Microsoft is introducing a new artificial intelligence (AI) feature in Teams called the “Interpreter,” to clone user voices for real-time speech-to-speech translation. Launching in early 2025, this feature aims to break down language barriers in meetings and positions Microsoft to compete in the growing field of AI translation tools.
AI Translation Tools Battle it Out
Alongside other Copilot announcements, the Interpreter was announced at the annual Ignite event. The feature can replicate a speaker’s voice, translating up to nine languages. This technology will let users maintain the quirks and features of their original voice, enhancing the quality of virtual interactions. Languages initially supported include English, Spanish, French, and Mandarin Chinese.
“Imagine being able to sound just like you in a different language,” wrote Jared Spataro, Microsoft’s Chief Marketing Officer.”The Interpreter agent in Teams provides real-time speech-to-speech translation during meetings, and you can opt to have it simulate your speaking voice for a more personal and engaging experience.”

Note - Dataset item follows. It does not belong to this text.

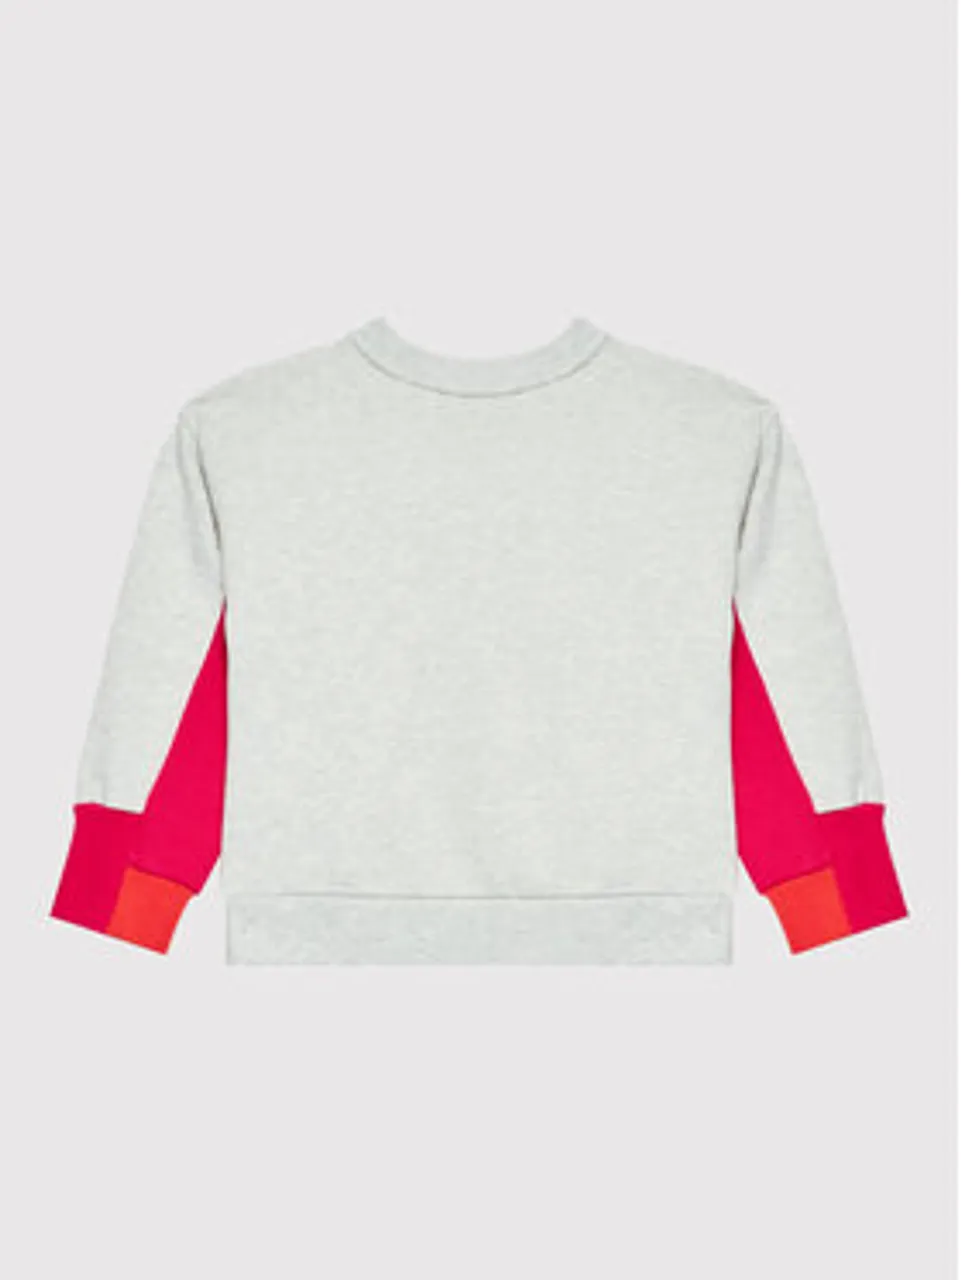 Kenzo Kids Sweatshirt K15568 M Grau Regular Fit

Microsoft’s new offering will join a competitive market alongside Google, Meta, and Apple. Google’s Translate and Live Transcribe services are well-known for their extensive language support and real-time capabilities. But Google video conferencing tools have also been integrating translation, though without the personalization aspect the way Microsoft has. On the other hand, Meta has been working on real-time voice translation for platforms like Instagram Reels. Apple is also keeping up with its Personal Voice feature, which allows users to create a synthetic version of their voice for live speech-to-text situations like FaceTime.

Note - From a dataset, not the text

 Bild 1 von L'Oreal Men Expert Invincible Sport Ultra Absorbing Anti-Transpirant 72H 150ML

Voice Cloning Challenged by Ethics
While innovative, Microsoft’s entry into this space faces several challenges. Experts in AI ethics are cautious about the impact of this type of technology on privacy and security, given the potential for misuse. Deepfake technology has already shown how easily it can be exploited. Incidents of cloned voices used in scams and disinformation campaigns have become more common.
Victims of deepfake technology in 2024 have included several high-profile individuals. Taylor Swift faced explicit AI-generated images that spread widely across social media. Additionally, a private school in Pennsylvania dealt with a similar scandal, which led to legal action.
Microsoft has emphasized that the tool will only be enabled with user consent and that it doesn’t store biometric data. Nevertheless, concerns about bad actors using cloned voices for deception persist.
A Microsoft spokesperson reassured users, stating, “Interpreter is designed to replicate the speaker’s message as faithfully as possible without adding assumptions or extraneous information. Voice simulation can only be enabled when users provide consent via a notification during the meeting or by enabling ‘Voice simulation consent’ in settings.”
Microsoft has confirmed that only Microsoft 365 subscribers can access this tool.
The competitive landscape of AI translation is rapidly evolving, with each company bringing its unique approach to breaking language barriers. Microsoft’s Interpreter seeks to carve out a niche by combining personalization with translation, but the company must also tackle privacy and security issues that are inherent in AI voice cloning technology.